Search strings for DPU can be:
```
{systemd_unit="forge-dpu-agent.service", machine_id="fm100ds006eliqt3u4h65ou9ebrqfq9th2jf39qqki68k9ueu2amearv47g"}
{systemd_unit="forge-dpu-agent.service", host_name="192-168-155-135.nico.example.org"}
```

**Note that the query using the MachineId will only work if the DPU once had been fully ingested
and is aware of its Machine ID. Otherwise only searches by `host_name` will work.**

In case the DPU problem affects log forwarding, DPU logs need to be checked directly on the DPU.

#### Checking logs on the DPU:

The dpu agent logs are stored in the systemd journal on the DPU.
They can be queried using
```
journalctl -u forge-dpu-agent.service -e --no-pager
```

### Checking additional logs

Depending on the problems that are found in dpu-agent logs, it can be useful
to check other logs that are available on the DPU. Examples are
- `nl2doca` logs: `{machine_id="fm100ds02e5g65099ov37rmho1gnge0c99ihdisvluo4fls1ba3br9bksg0", log_file_path="/var/log/doca/hbn/nl2docad.log"}`
- `syslog`: `{machine_id="fm100ds02e5g65099ov37rmho1gnge0c99ihdisvluo4fls1ba3br9bksg0", log_file_path="/var/log/doca/hbn/syslog"}`
- `nvue` logs
- `frr` logs

## Potential Mitigations

### Power Cycling the Host

**⚠️ Note that while a tenant uses a Machine as an instance, powercycling the Host will interrupt
their workloads. Only perform these step if its clear that the Tenant no longer requires the Machine (is stuck in termination), or if the Tenant agrees with this action.**

If the DPU is unresponsive, powering off the Host and back on can help. This will
restart the DPU.

The Host can be powercycled using the Explored-Endpoint view in the Admin Web UI, The DPU Machine details page will link to the explored endpoint by clicking on the DPU BMC IP.

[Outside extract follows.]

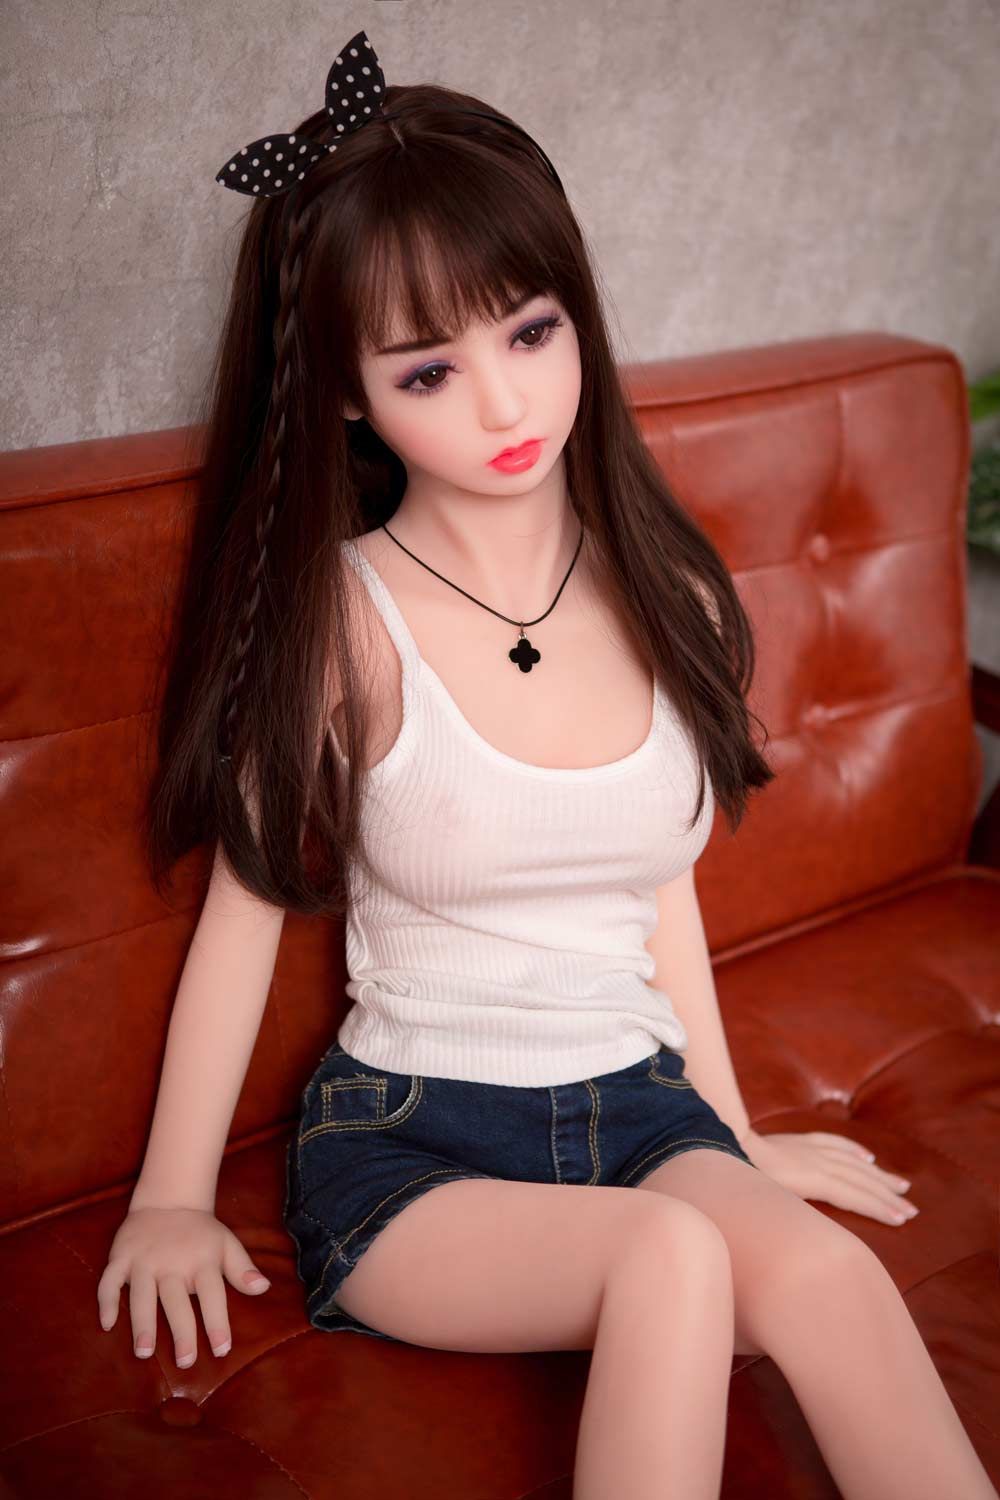 mini sex doll9 5

### Restarting forge-dpu-agent

If forge-dpu-agent is not even started, then it needs to be started (`systemctl enable forge-dpu-agent.service`).
This should however never be necessary, since the agent gets restarted on all
crashes.

If `forge-dpu-agent` should just be restarted, use
```
systemctl restart forge-dpu-agent.service
```

### Reloading forge-dpu-agent configurations

In rare situations, it might be useful to restart forge-dpu-agent using latest
dpu-agent systemd config files. To do so:
```
systemctl daemon-reload
systemctl restart forge-dpu-agent.service
```

## Mitigations for specific Health Probe Alerts

### `BgpStats`

The BgpStats health probe indicates that BGP peering with the TOR or route server
is not successful. This might either indicate a link issue or a configuration issue.
The BGP details can be checked on the DPU using
```
sudo crictl exec -ti $(sudo crictl ps |grep doca-hbn |awk '{print $1}') vtysh -c 'show bgp summary'
```

{/* TODO: Provide more details on the next steps here */}

### `ServiceRunning`

Indicates that mandatory DPU services are not running. Next steps in the investigation
can be to check whether the HBN container is running on the DPU (`crictl ps` should
show `doca-hbn` container), and to search for associated logs.

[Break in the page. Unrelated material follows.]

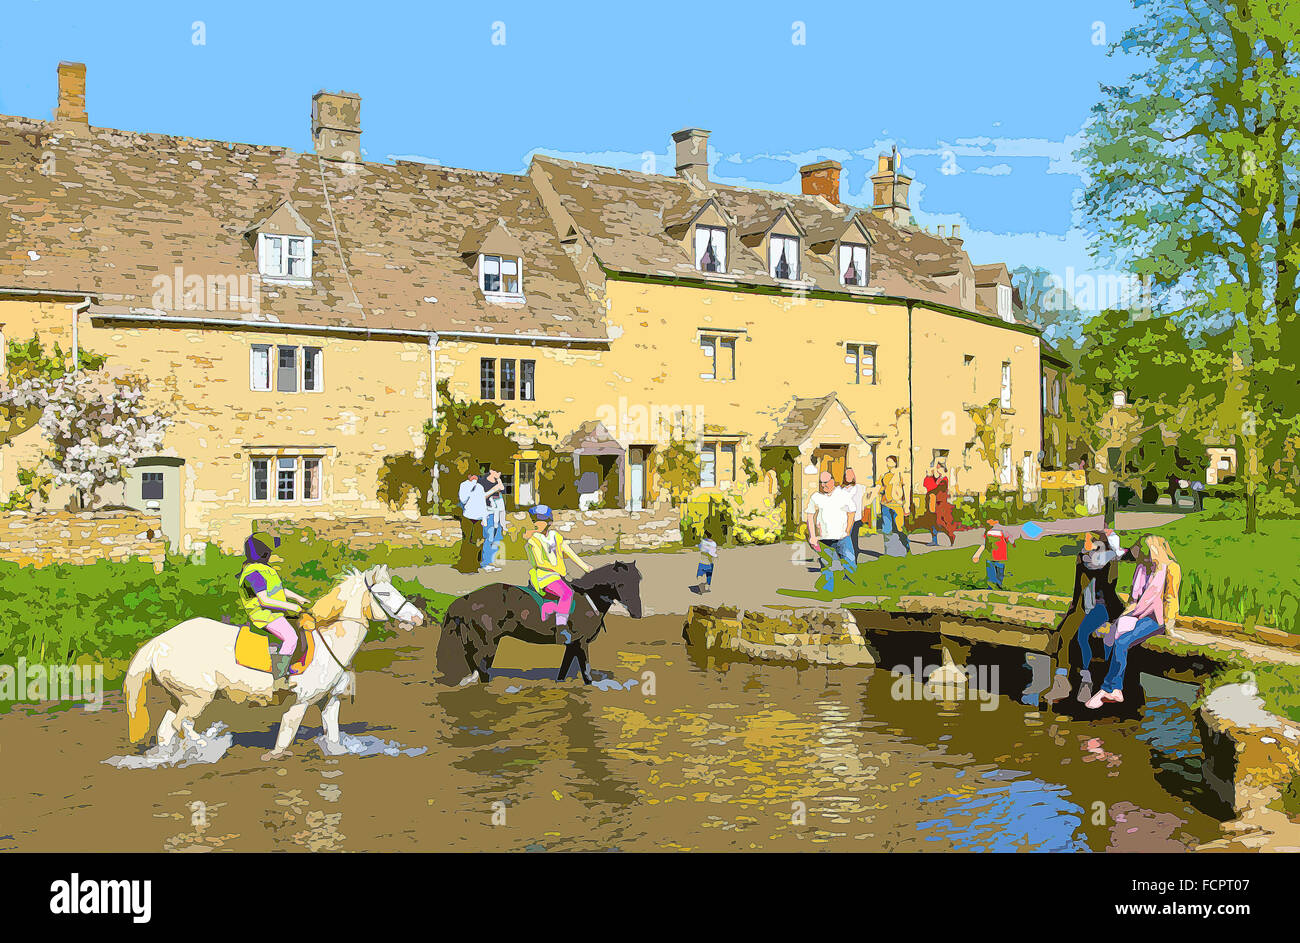 Ein Plakat Stil Illustration aus einem Foto von Cotswold Dorf Lower Slaughter, Gloucestershire, England, UK Stockfoto

### `DhcpRelay`/`DhcpServer`

Indicates that the DHCP Relay or Server that NICo deploys on the DPU in order
to respond to the DHCP requests from the Host are not running as intended.
In these conditions, the Host would not be able to boot since nothing would respond
to the DHCP request.

Next steps in the investigation would be to check `forge-dpu-agent` logs for details.

### `PostConfigCheckWait`

This alert is only raised for a brief time after each configuration change in order
to wait for the configuration to settle on the DPU. The alert should always settle
down after less than a minute. In case the alert keeps raised, it can indicate
that new configurations are applied in every dpu-agent eventloop iteration. In this
case it would need to be debugged what in the configurations changed, and the
source of the unnecessary configuration changes would need to be fixed.